--- SOURCE INFORMATION ---
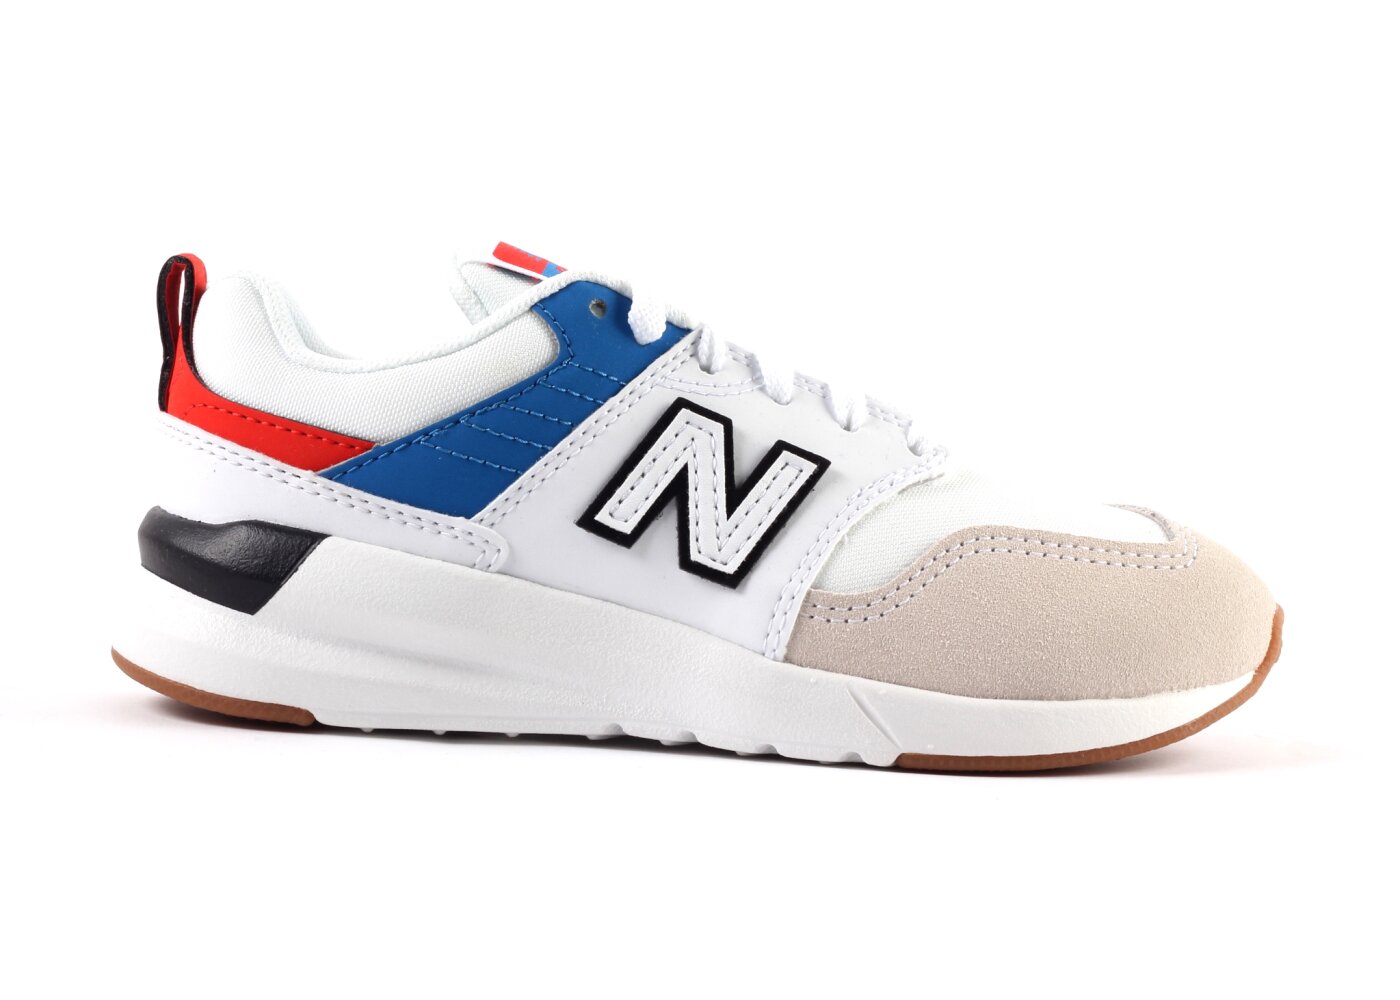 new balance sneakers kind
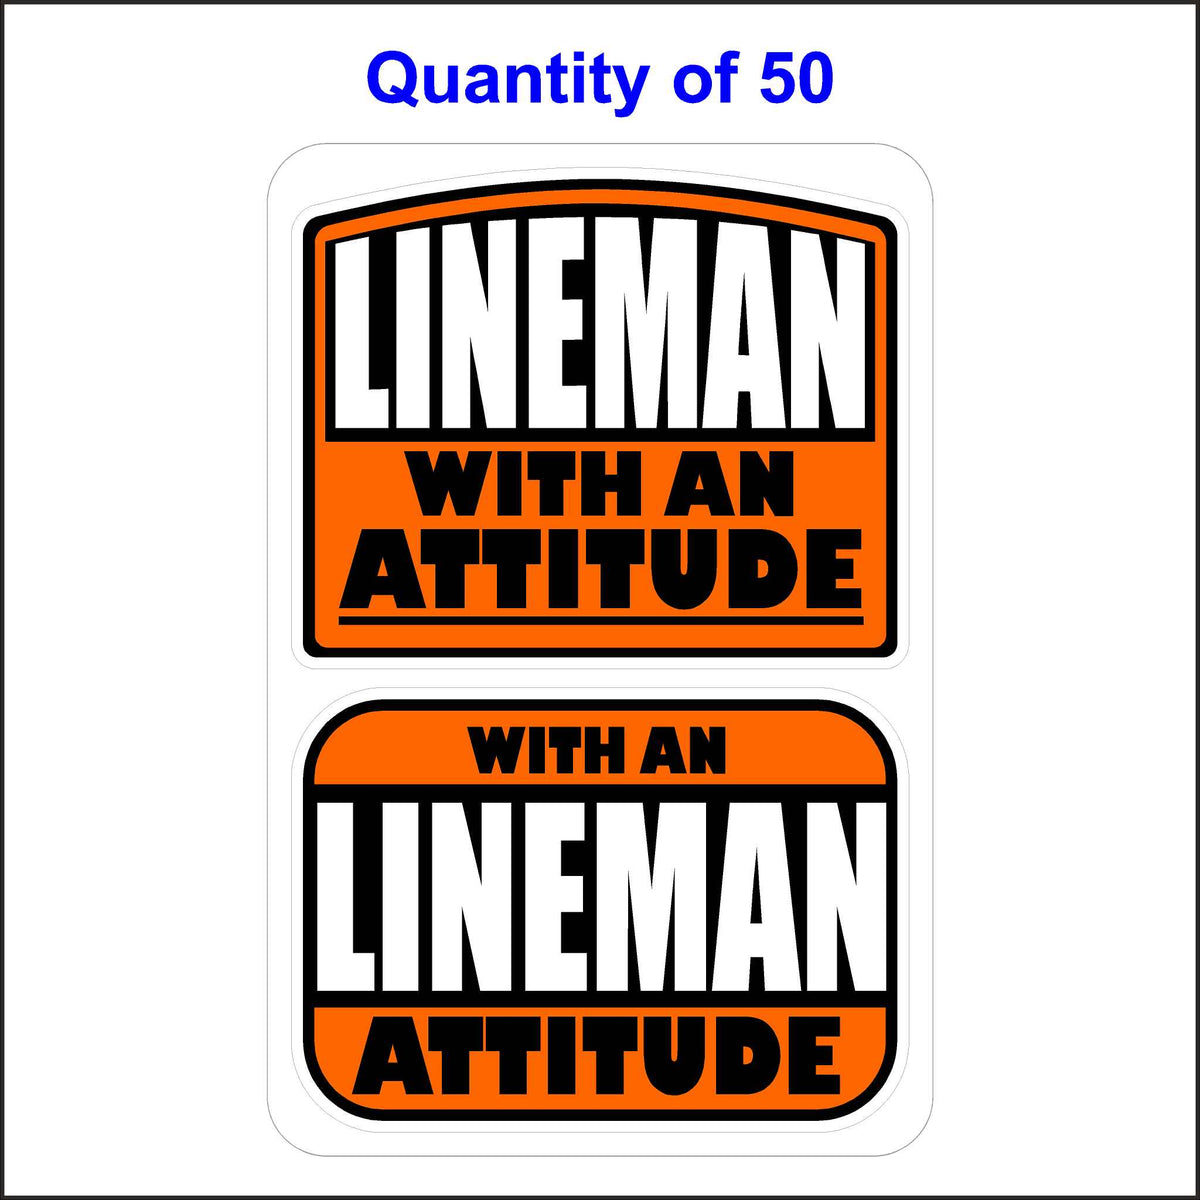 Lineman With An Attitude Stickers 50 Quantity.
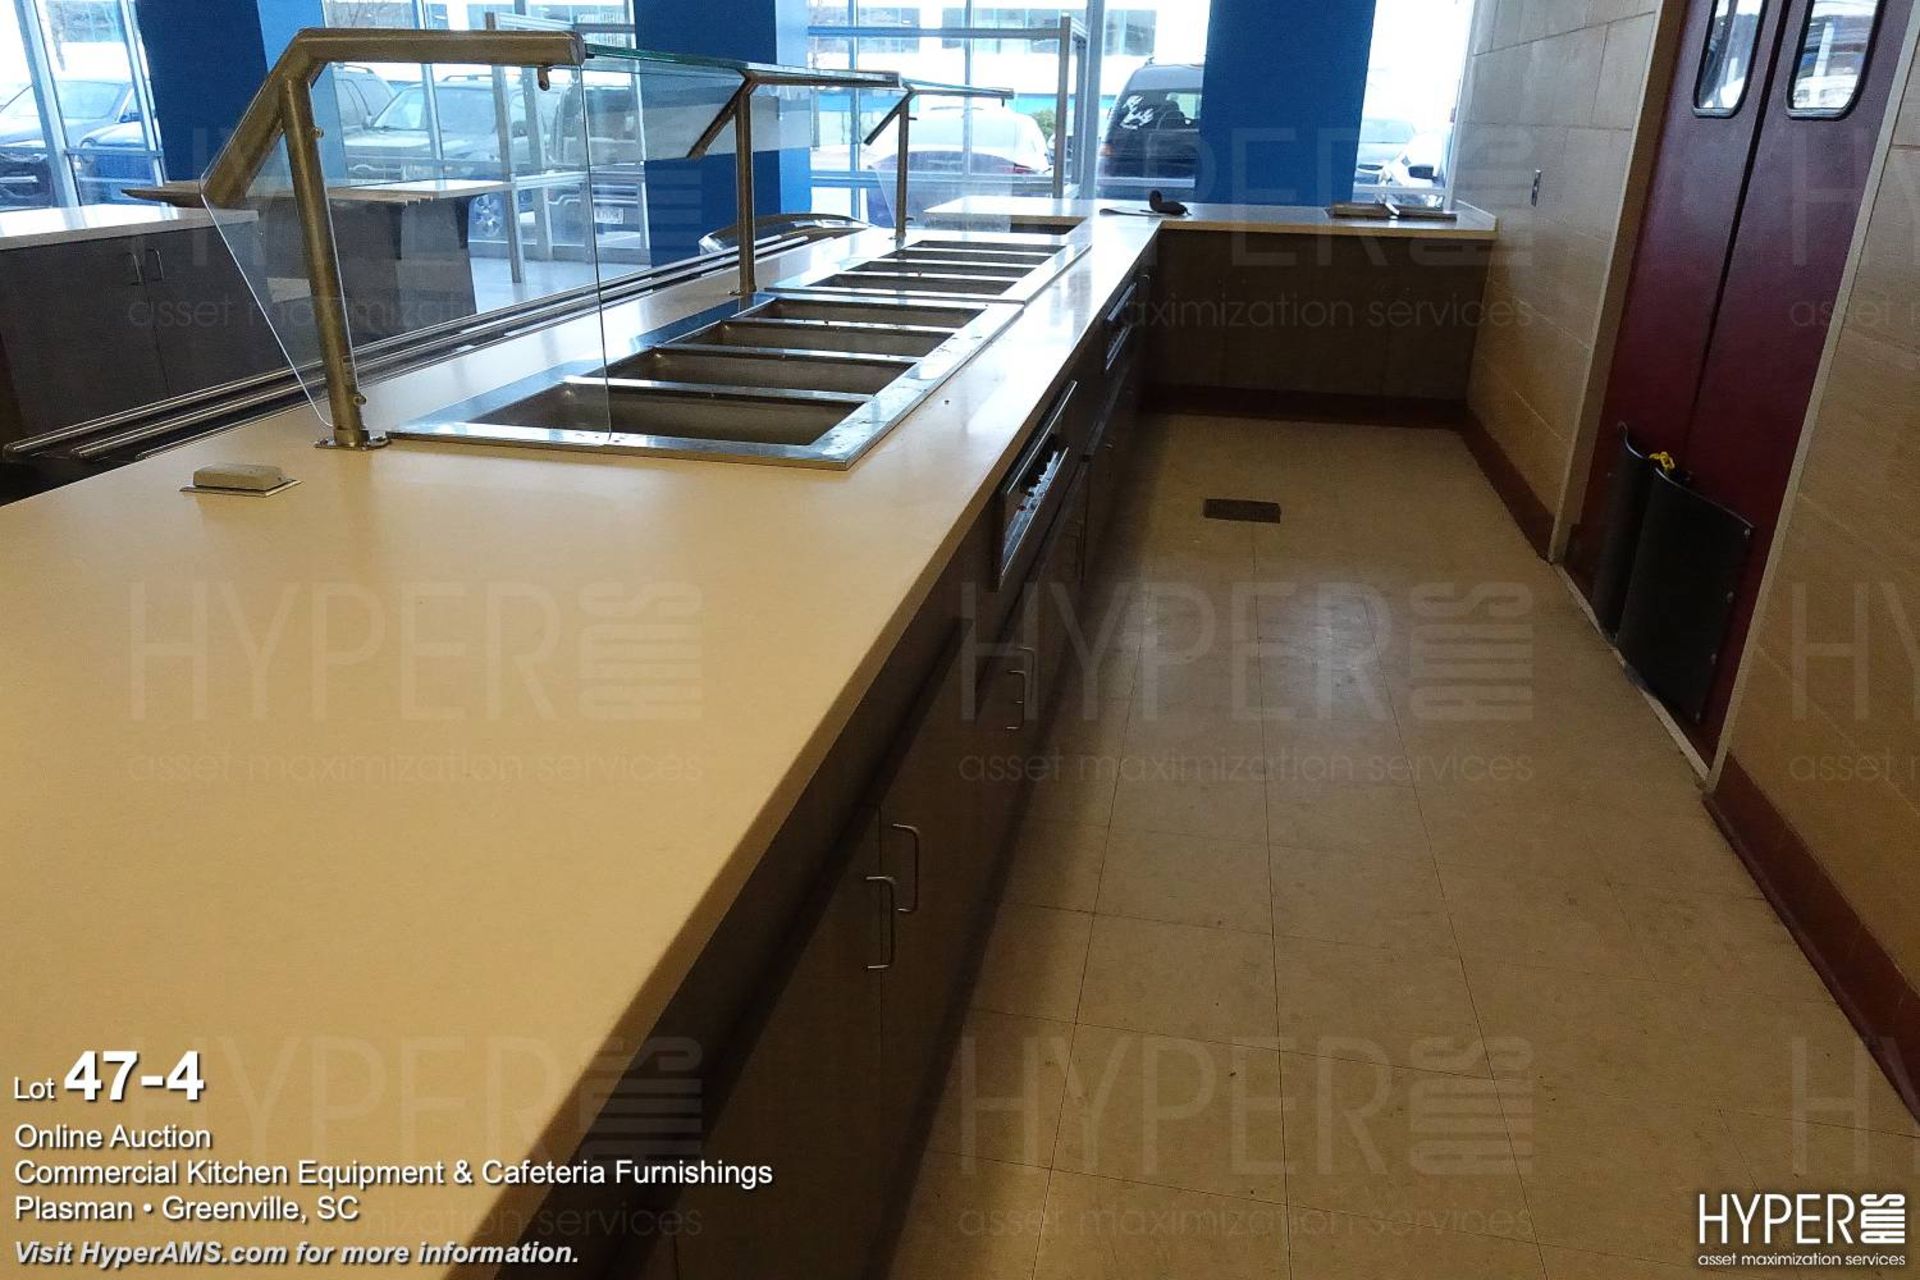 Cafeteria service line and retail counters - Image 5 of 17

---

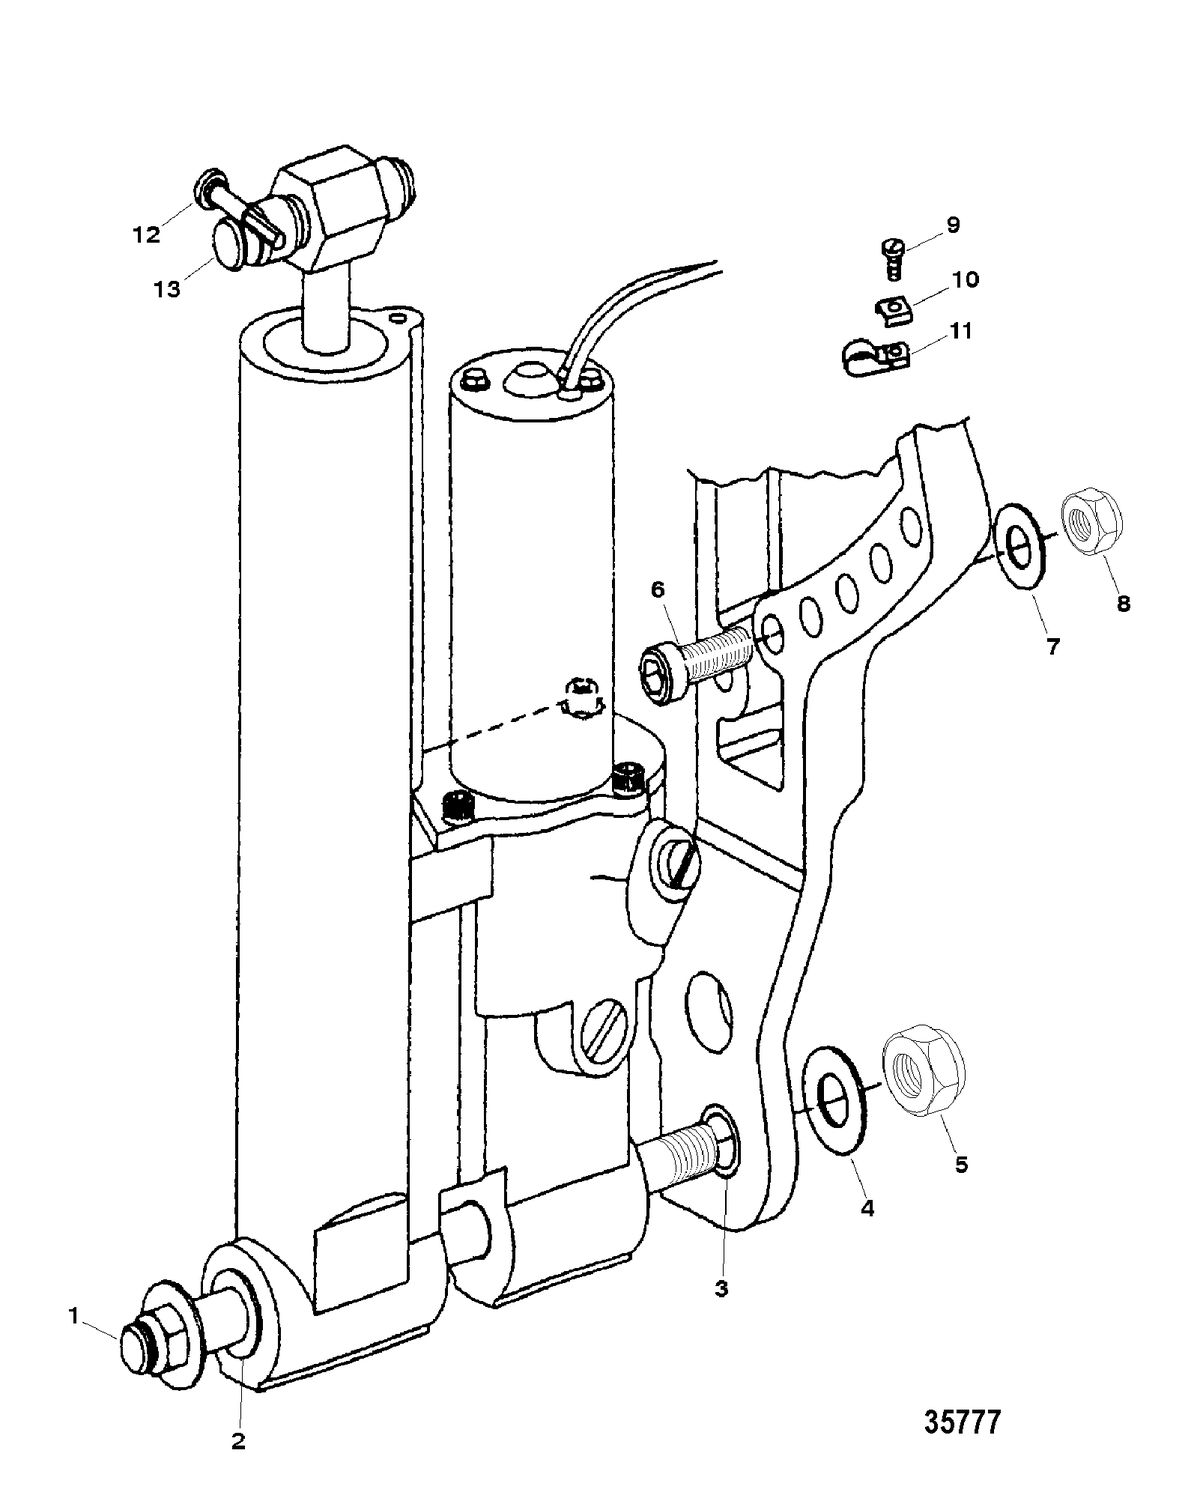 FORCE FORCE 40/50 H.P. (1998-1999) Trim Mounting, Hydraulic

--

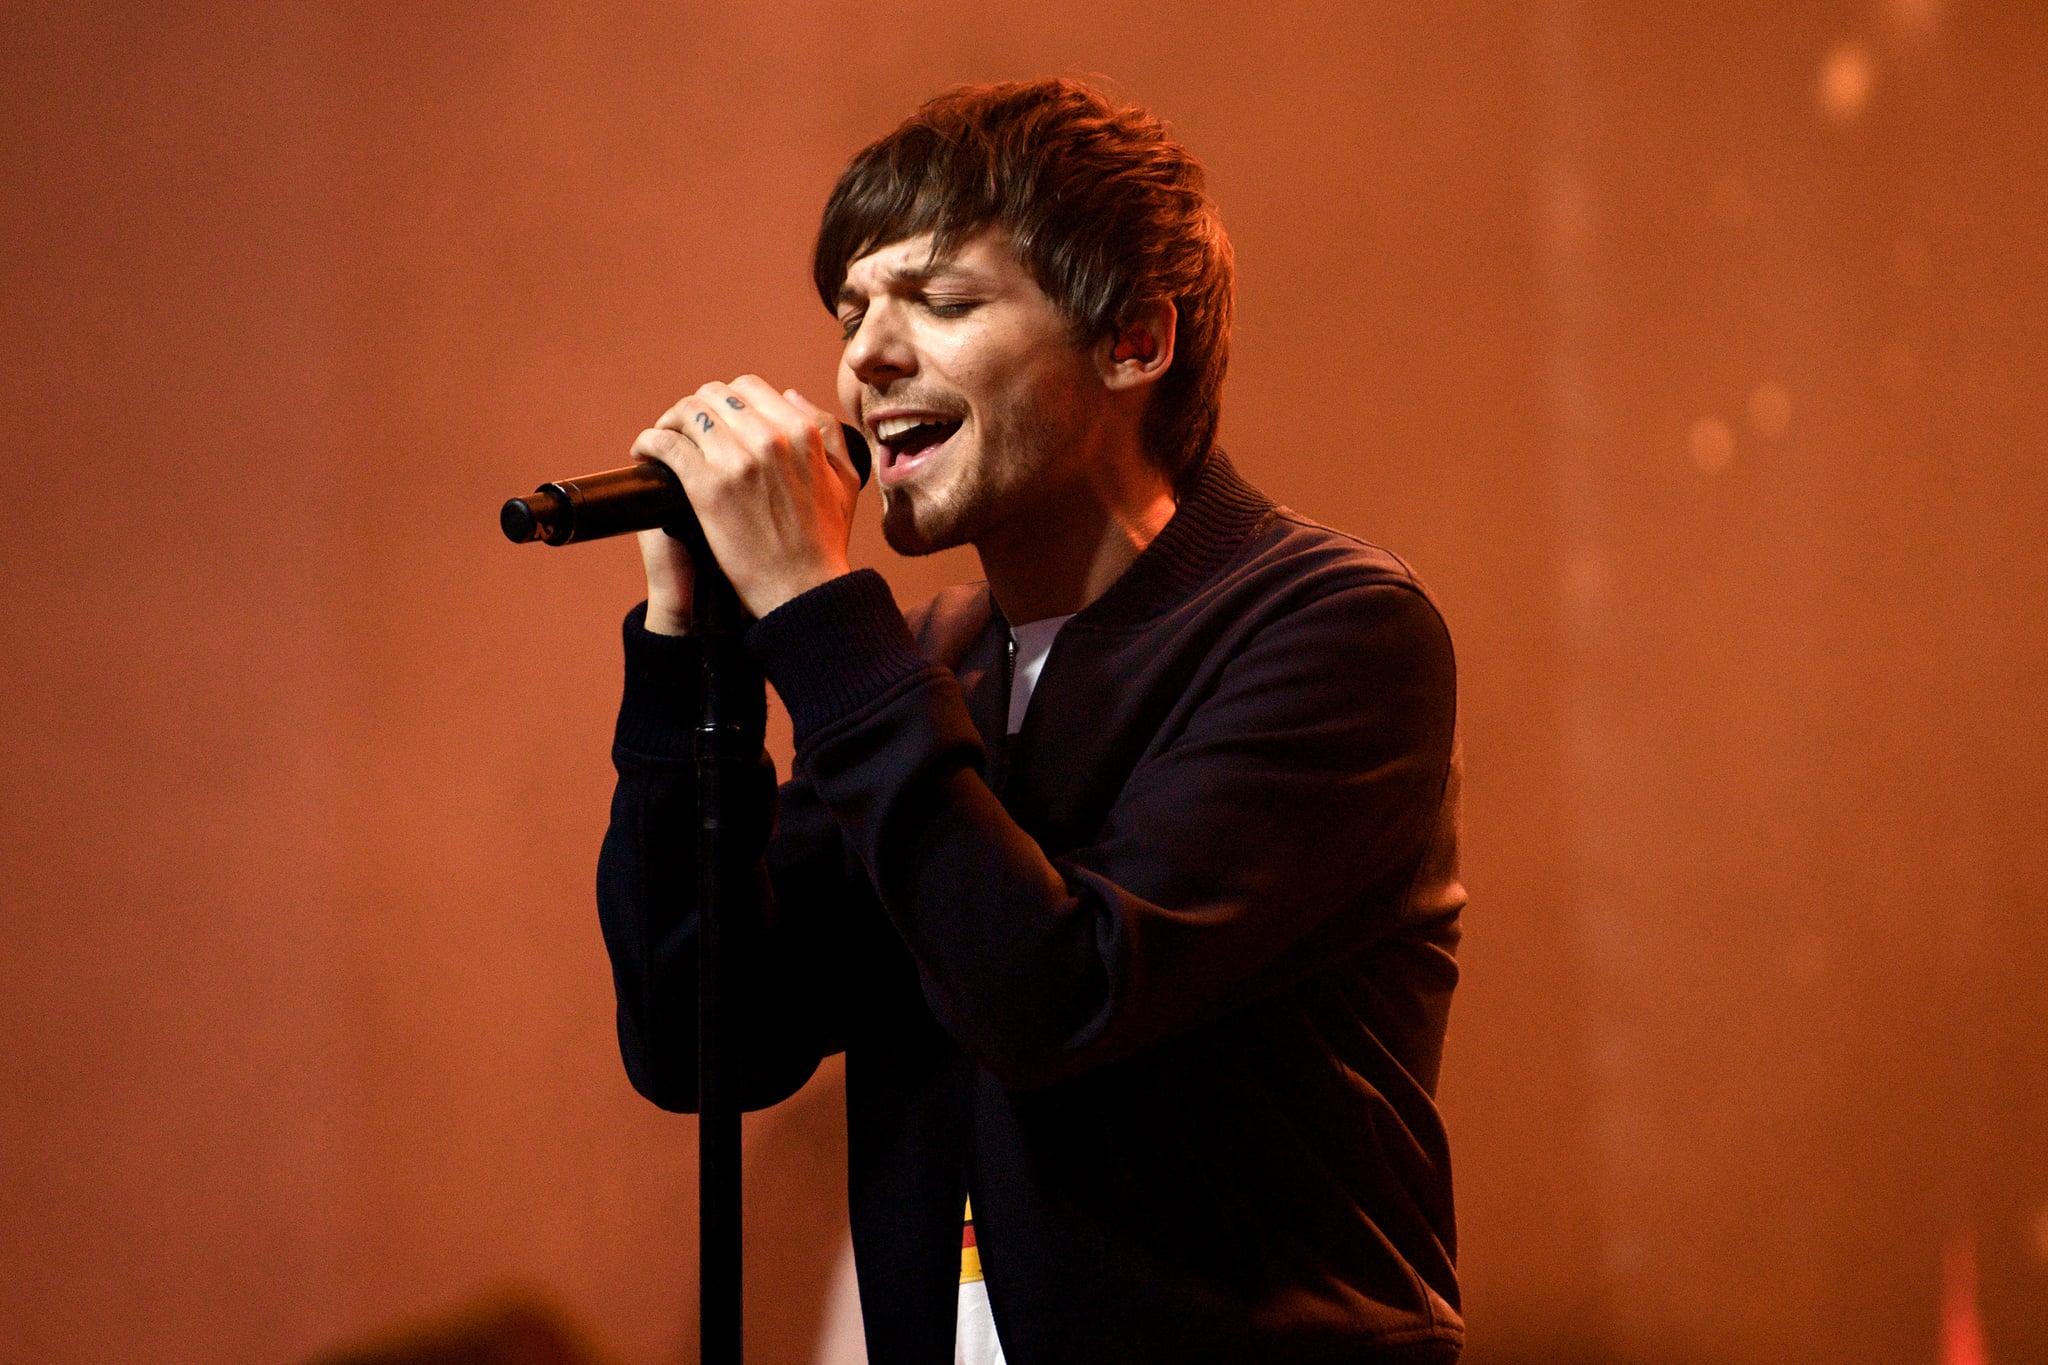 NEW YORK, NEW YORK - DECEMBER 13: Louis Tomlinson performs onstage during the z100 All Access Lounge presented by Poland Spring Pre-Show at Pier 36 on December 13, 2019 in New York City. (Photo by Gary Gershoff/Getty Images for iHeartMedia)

--- ASSIGNMENT ---
From the entries above, copy exactly the lines starting at the one with "Lineman With An" and stopping at the one with "Cafeteria service line", keeping both ends. Drop the pictures.

--- ANSWER BELOW ---
 Lineman With An Attitude Stickers 50 Quantity.
 Cafeteria service line and retail counters - Image 5 of 17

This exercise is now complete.